Whatever he has seen, Elizabeth thought, terrified, it has addled his wits.
She cried shrilly: ‘What, John, in God’s name?’
And went to him and caught him in her arms, seeing the dried blood flake off against her gown.
‘Oh, Christ, my love, you’re wounded …’ He looked down, saying tersely: ‘It’s not my blood.
Would Jesu it were.’

Not his blood.
Oh, thank God, he is whole and sound, mine still, his beauty untouched.
She clung to this, while his dreadful news came pouring out.
The Queen’s face seemed to put on years, a year for each word he spoke, until she was eternally old even past death.

‘The Yorkists were magnificently arrayed, with a great force.
All the Nevilles and their mercenaries; Salisbury’s troop alone outnumbered ours … they fought like devils.
We were trapped, we had no chance.
Your Grace, your lords have suffered … will you hear who died?’

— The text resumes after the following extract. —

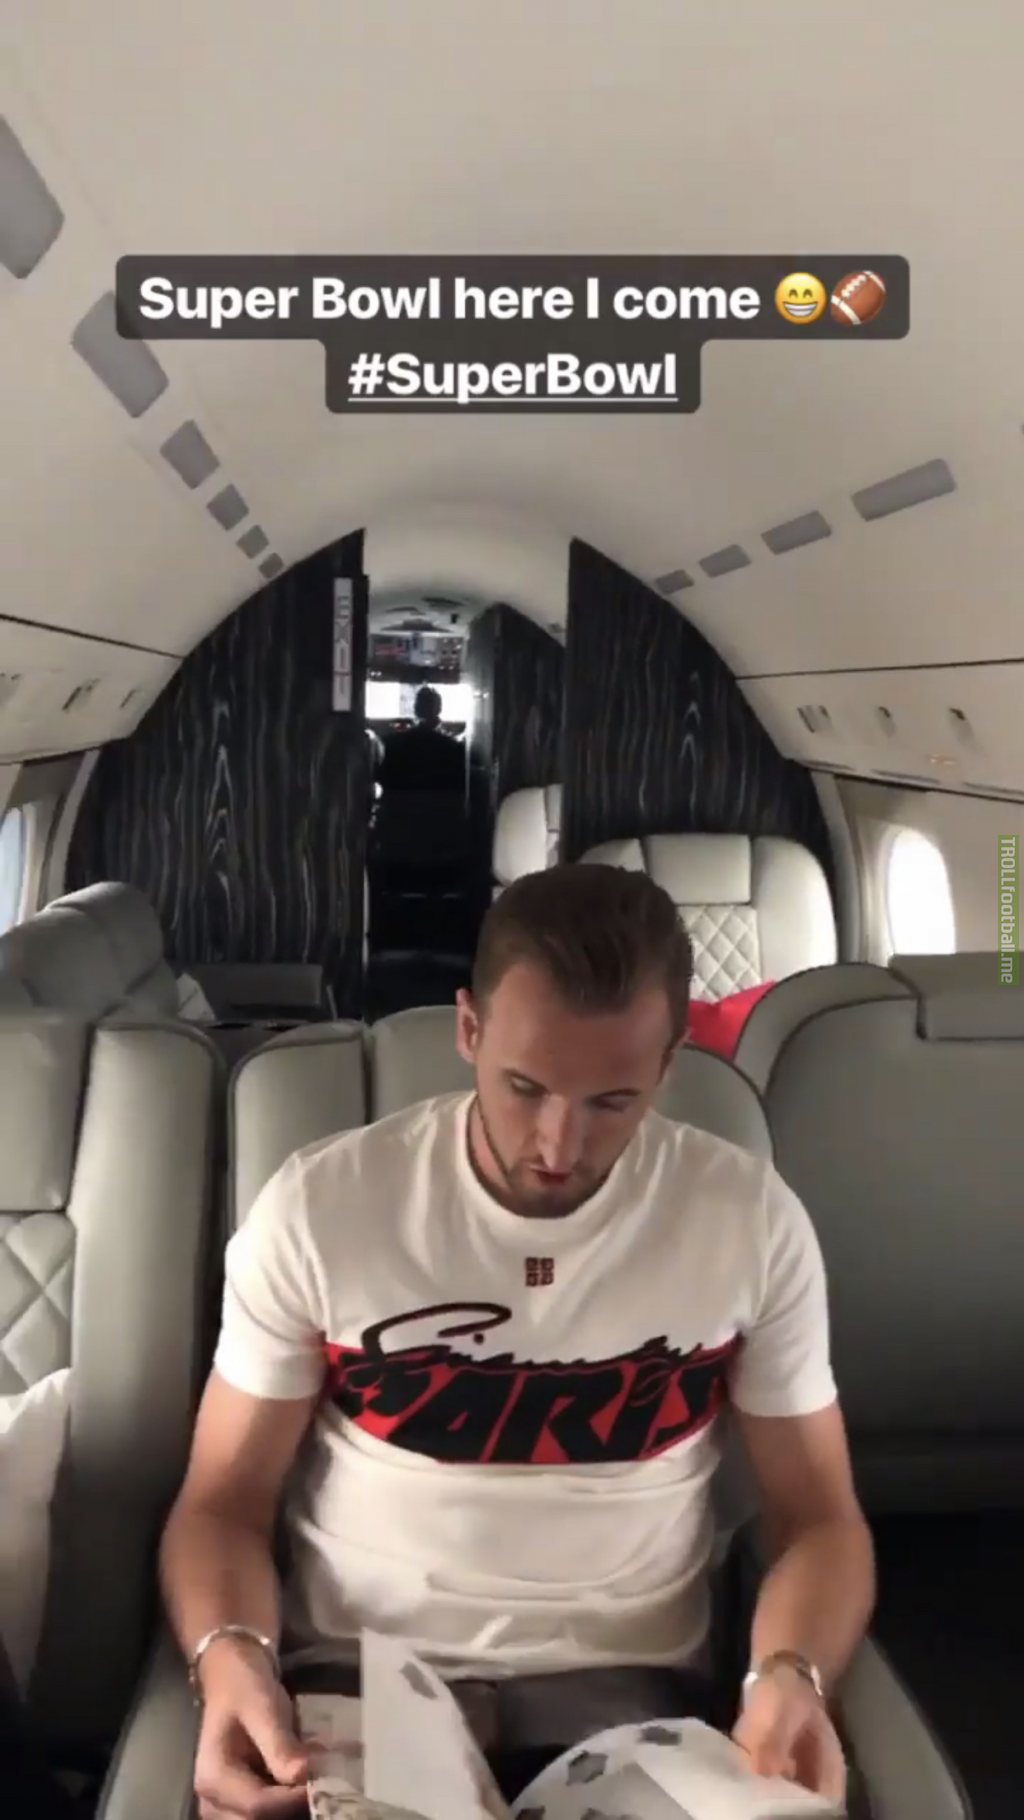 Harry Kane on his way to one cup final this season

‘I will hear,’ said Margaret.

‘Lord Clifford,’ said John, trembling as with ague.
‘Northumberland, and Buckingham’s son.
Dorset, Devon and Buckingham were grievously wounded and taken prisoner.
God knows where Wiltshire is; he fled the field.
Sir Richard Woodville …’

‘Yes?’
said Elizabeth.
She bit her lip; it bled.

‘Escaped by the hair of his head.
He is safe, Isabella.
Christ’s Passion!
They were waiting for us, ready …’

‘What of the King?’
said the old woman that was Margaret.

‘They are bringing him back to London.
They will not mistreat him, they say, because he is the King.
But they proclaim their power, Madame.